Lack of Pre-defined User Journeys
Reassuring concepts like user storyboards and critical user journeys largely “go out the window” in AI development [00:04:35]. Founders must help users overcome initial inertia and work with them to create narratives and anchor on specific use cases [00:04:51]. This process gradually leads to more familiar territory and scoped problem spaces [00:05:17].
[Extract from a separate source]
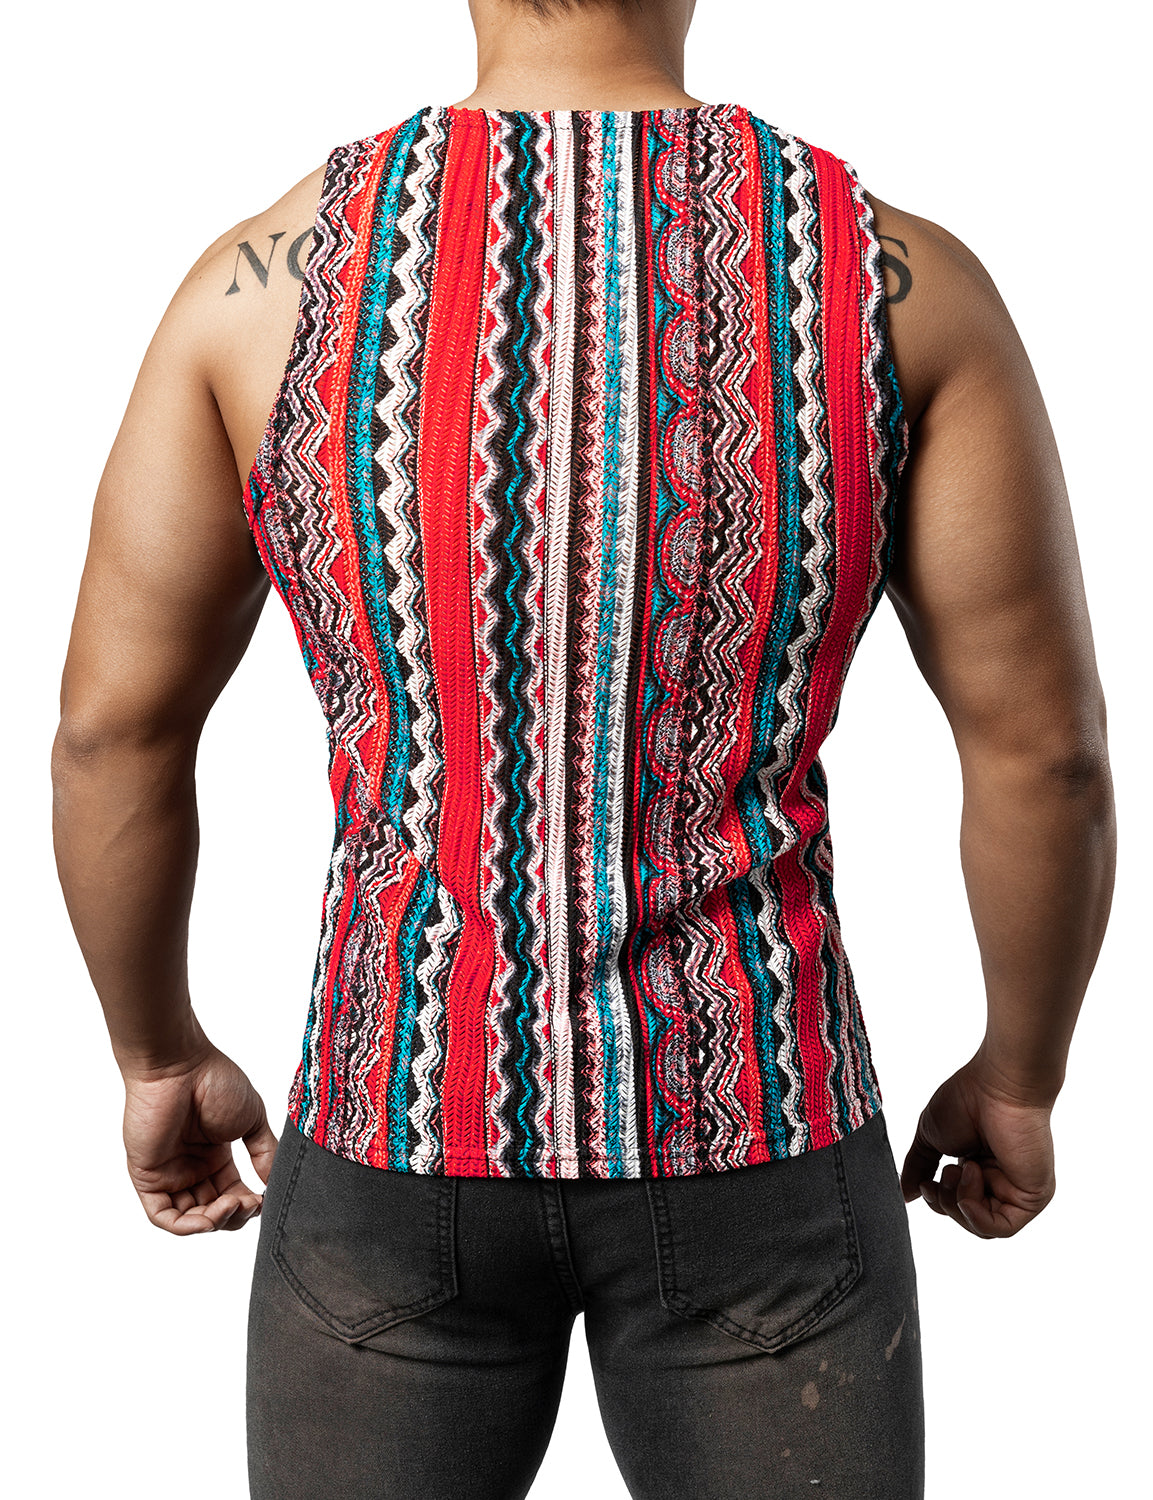 JOGAL Mens Boho Summer Tank Top Sleeveless Muscle Mesh Shirt

Velocity as Table Stakes in AI Production
The product development process in AI can be highly gratifying, allowing rapid movement from an idea to a released product within hours or days [00:06:01]. However, this velocity is not merely a “nice-to-have” but is “table stakes” in the AI industry [00:06:55].
Criticality of Speed
A startup cannot remain in the game if it cannot release quickly and effectively [00:07:02]. Opportunities to differentiate and gain advantage (e.g., breakthroughs like MCP or agent-to-agent protocols) appear and disappear rapidly [00:07:07]. Being able to react and build products that are at the forefront of these technological breakthroughs is crucial for brand growth and cementing one’s position in the developer or user community [00:07:31].
Outreach and Awareness
One of the toughest and most underestimated challenges in AI development is the minimal scaffolding available for outreach, awareness, traffic, and adoption when starting from scratch [00:08:08].
Navigating Hype and Noise
The AI space is characterized by “full-on hype and meme wars,” making it difficult to distinguish signal from noise [00:08:25]. Without the advantages of a larger brand, gaining traction feels like playing a game without any boosters or power-ups [00:08:36].
Building Advocacy
A key learning is that people primarily follow other people [00:09:04]. Unlike launching a product at a large company where a tweet from a prominent leader can generate instant awareness [00:09:09], a startup needs to find credible industry voices and advocates to speak on its behalf, using their platforms as force multipliers [00:09:21].
Strategic Partnerships
To build brand awareness and traffic without the broad channels of a larger company [00:09:33], startups must find allies [00:09:49]. These can be other startups at a similar stage or slightly ahead, interested in the same space, where synergies exist [00:09:51]. Strategies include:
- Partnering [00:10:00]
- Cross-marketing [00:10:00]
- Cross-selling [00:10:02]
- Getting products listed in the integration documentation of other companies (e.g., BrowserBase) [00:10:08], which can be a significant channel for driving traffic to one’s own properties (website, GitHub repo) [00:10:17].
This area represents a steep learning curve and a massive challenge for new AI ventures [00:10:45].